§ DATA EXTRACTS:
──────

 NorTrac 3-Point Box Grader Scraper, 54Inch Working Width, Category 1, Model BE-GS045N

──────

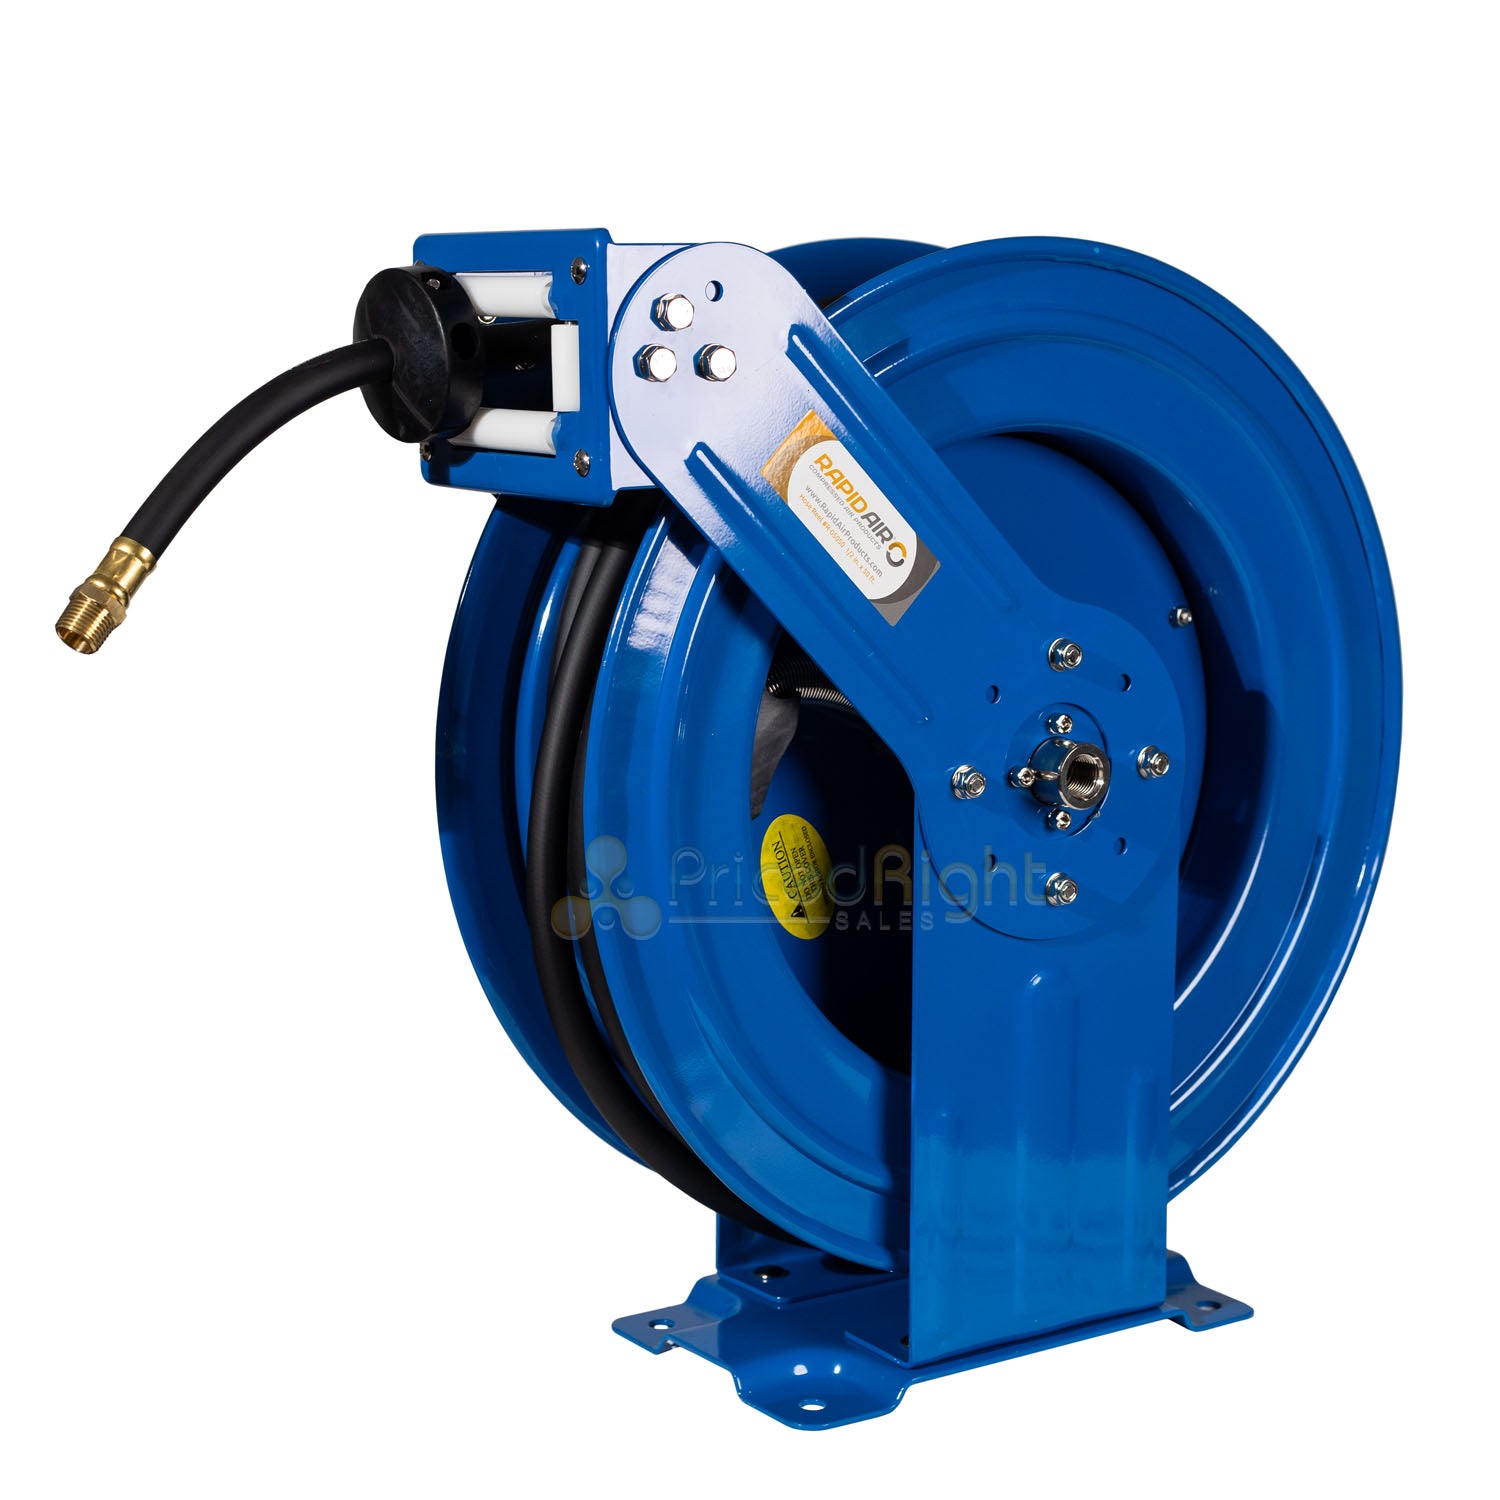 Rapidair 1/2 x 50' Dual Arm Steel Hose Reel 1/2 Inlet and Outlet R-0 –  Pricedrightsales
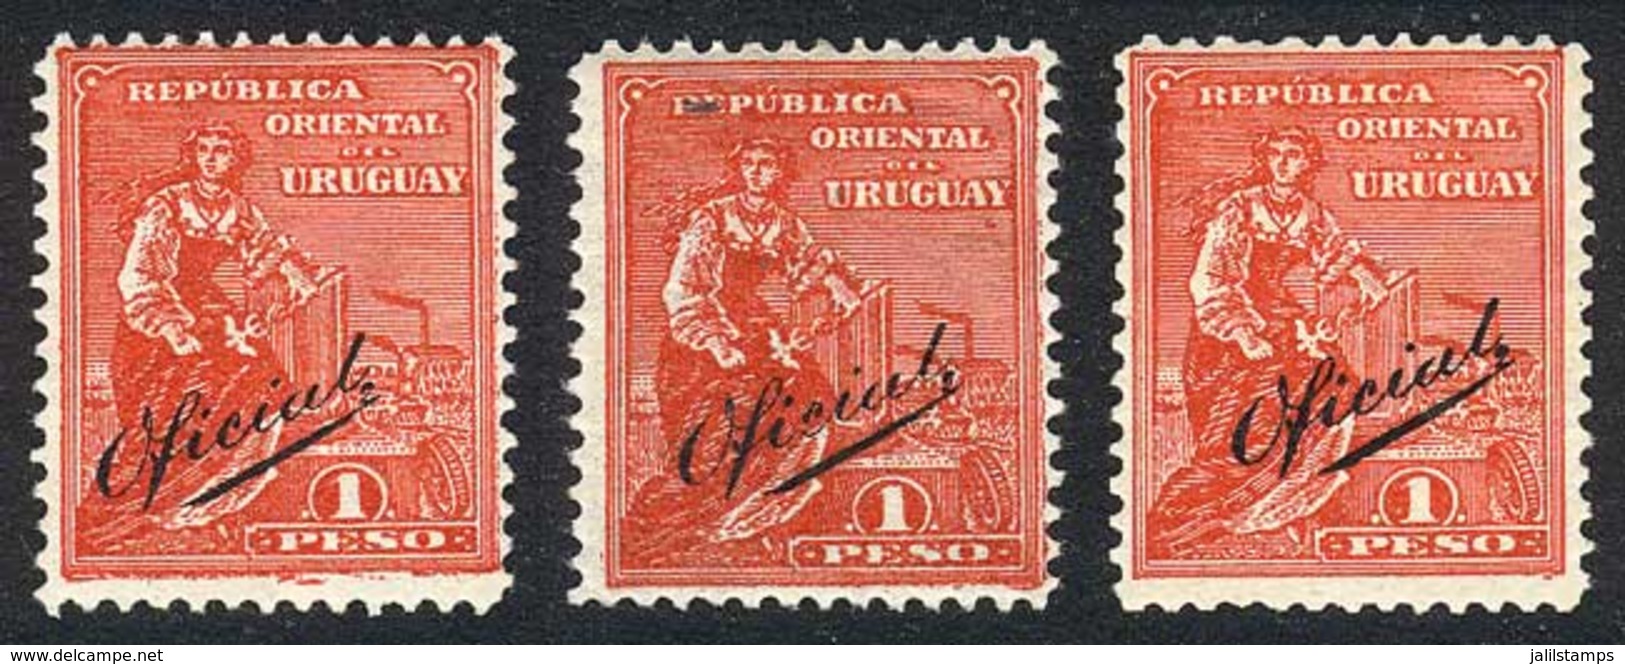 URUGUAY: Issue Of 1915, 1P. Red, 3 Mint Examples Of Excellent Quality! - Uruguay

──────

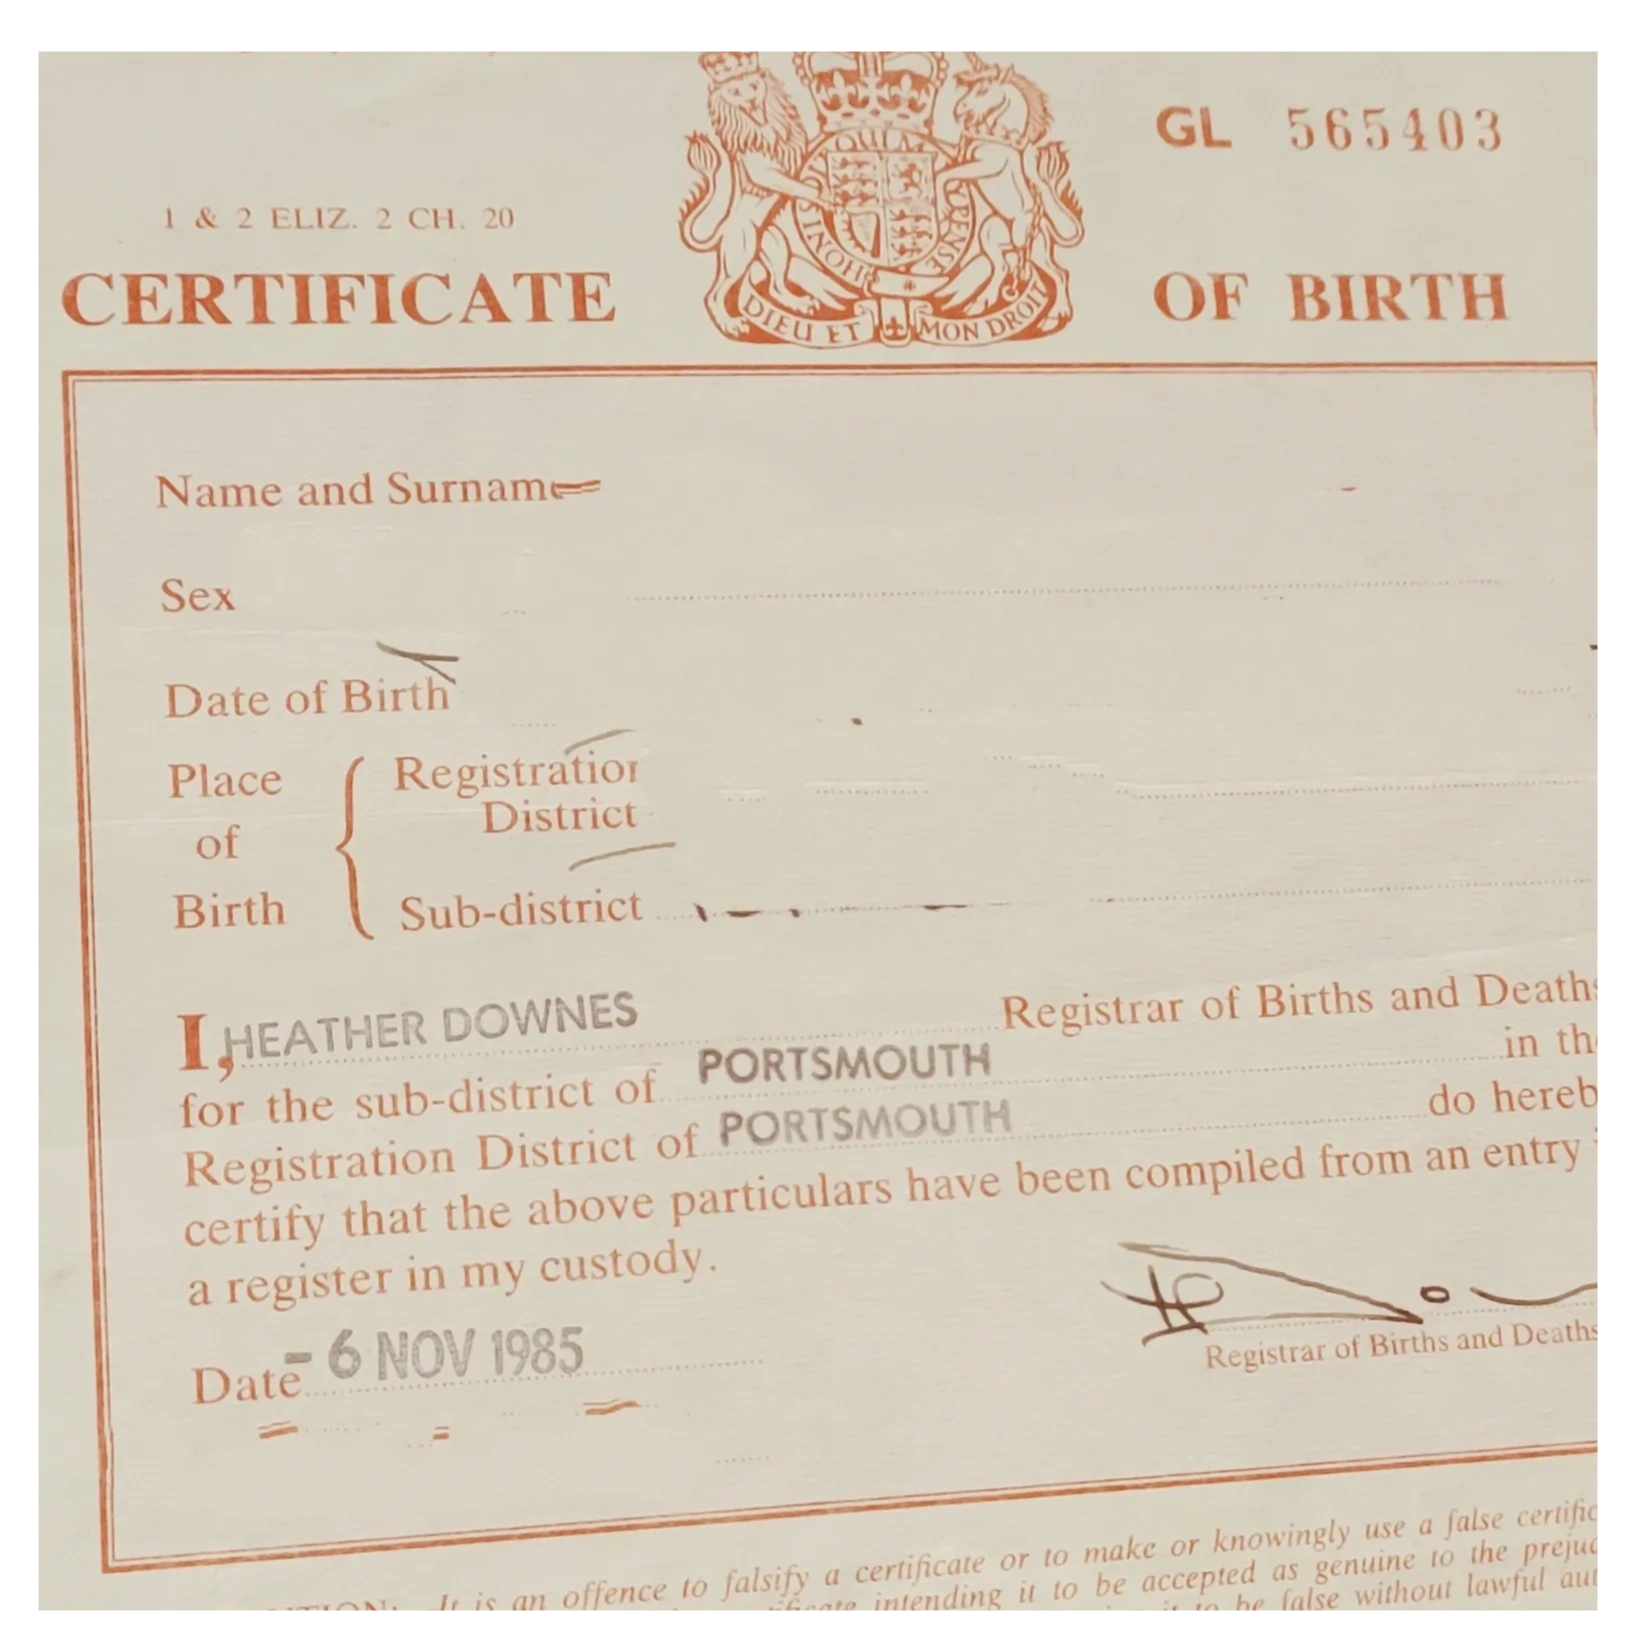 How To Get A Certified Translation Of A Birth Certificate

──────

§ EXERCISE BRIEF:
Keep to the lines above from the line with "Rapidair 1/2 x" to the line with "URUGUAY: Issue Of", and set down exactly those, inclusive, with nothing else and every picture left out.

§ WRITTEN SOLUTION:
 Rapidair 1/2 x 50' Dual Arm Steel Hose Reel 1/2 Inlet and Outlet R-0 –  Pricedrightsales
 URUGUAY: Issue Of 1915, 1P. Red, 3 Mint Examples Of Excellent Quality! - Uruguay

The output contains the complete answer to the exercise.